Aaron McPherson, principal at senior consulting firm AFM Consulting, also played down the threat of cannibalism. “The card networks still control the merchant relationship and will take action to ensure that there is no inherent advantage to using stablecoins over traditional rails.”

McPherson also shares the idea of ​​card companies that stablecoins are a form of domestic payment. “Even if consumers are using stablecoins directly, the majority of transactions happen with linked debit cards, which ensures that Visa and Mastercards still collect their fees.”

Crossing the Stablecoin Bridge

Card networks recognize stablecoins that complement their core offerings. Credit cards are easy to use, widely accepted around the world, and integrated into the transaction flow, McInerney said. But of the $13 billion in transactions settled between and among Visa’s nearly 14,500 financial institution partners, almost all were settled in fiat currency Monday through Friday.

On the other hand, those who use stablecoins can complete transactions seven days a week, which provides great benefits for liquidity and efficiency, he added.

Card companies position themselves as a bridge layer between their global network infrastructure and on-chain payment systems such as stablecoin.

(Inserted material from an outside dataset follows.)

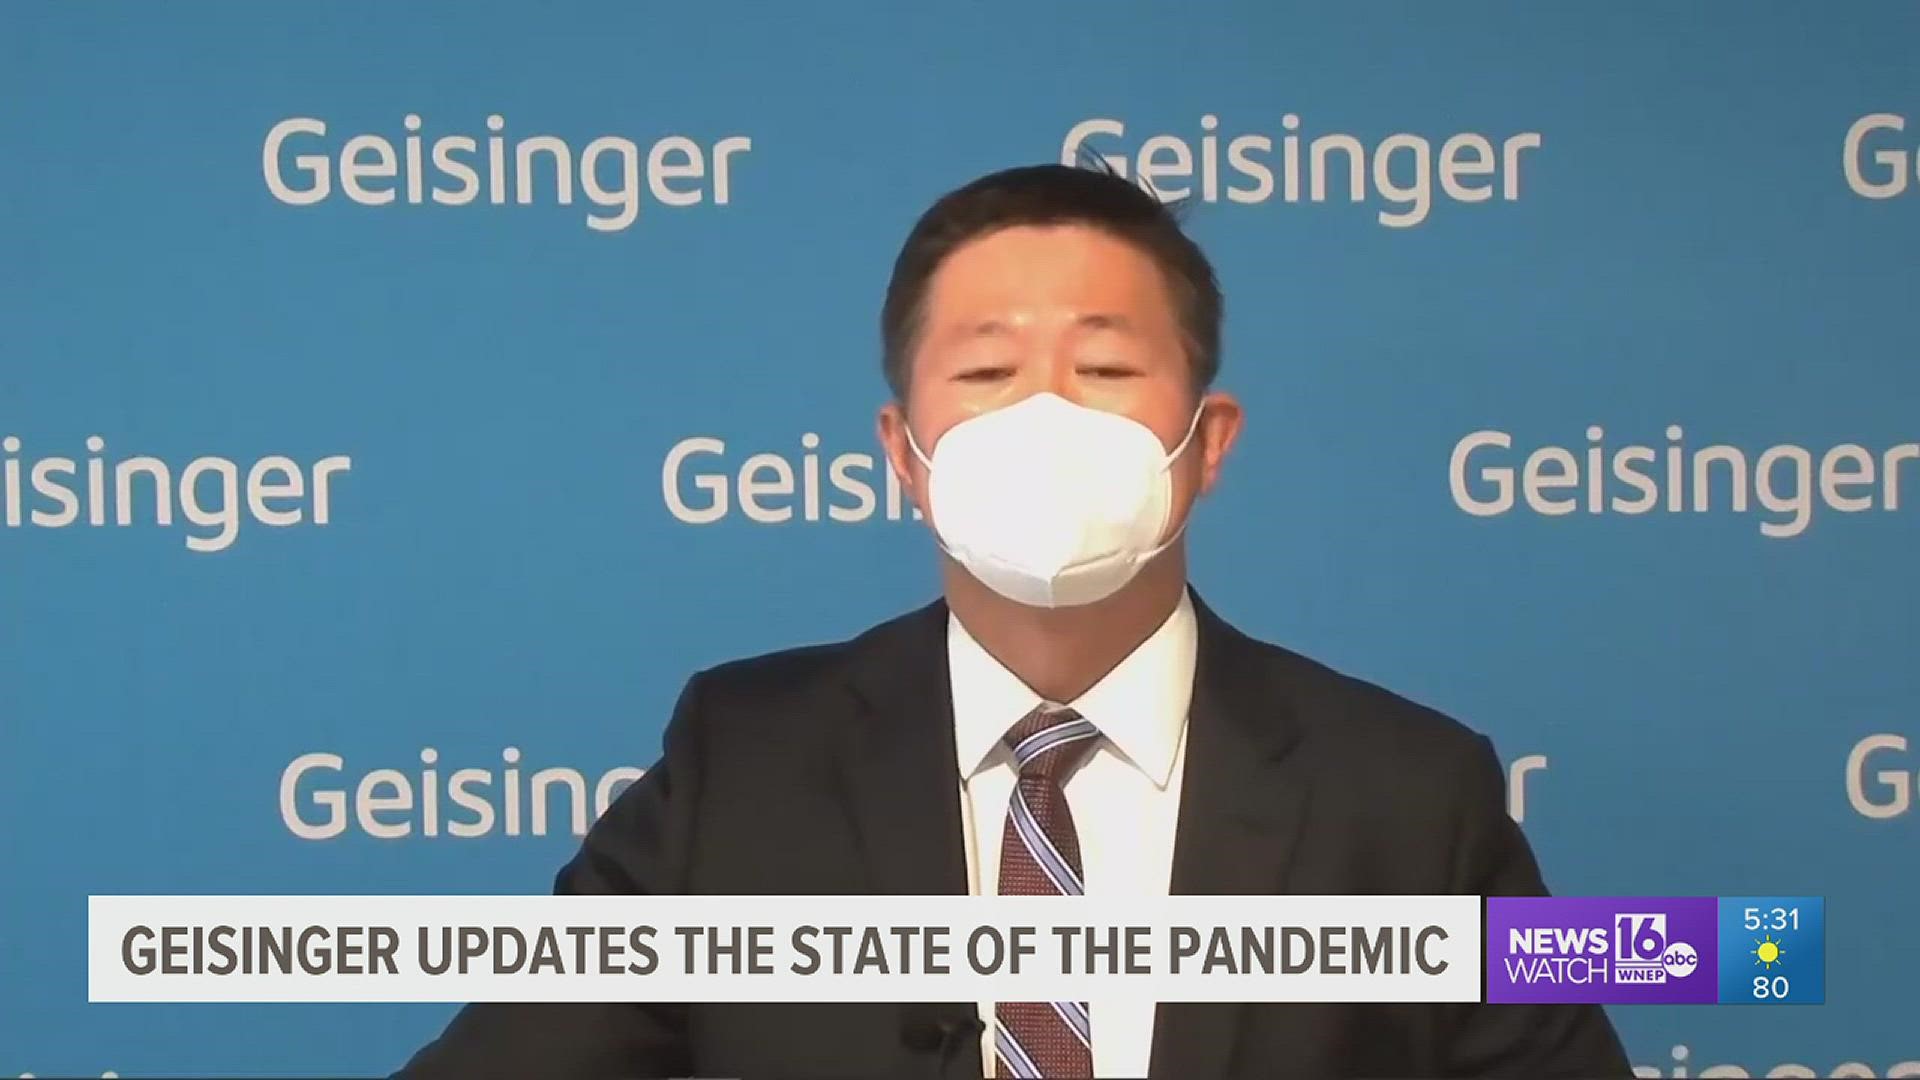 President and CEO of Geisinger, Dr. Jaewon Ryu spoke at a virtual news conference this morning about the ongoing conditions of the pandemic.

By making this investment, Mastercard was able to “build a whole set of new services and additional opportunities,” Miebach said during the earnings call.

Visa is also taking a Visa-as-a-Service approach and is working with stablecoins stack at different levels. These integration solutions have the same economics as the company’s current products, McInerney said.

These strategies have paid off for the card companies. Visa has an annual run rate of $7 billion in stablecoin payment volume, which is up more than 50% from last quarter.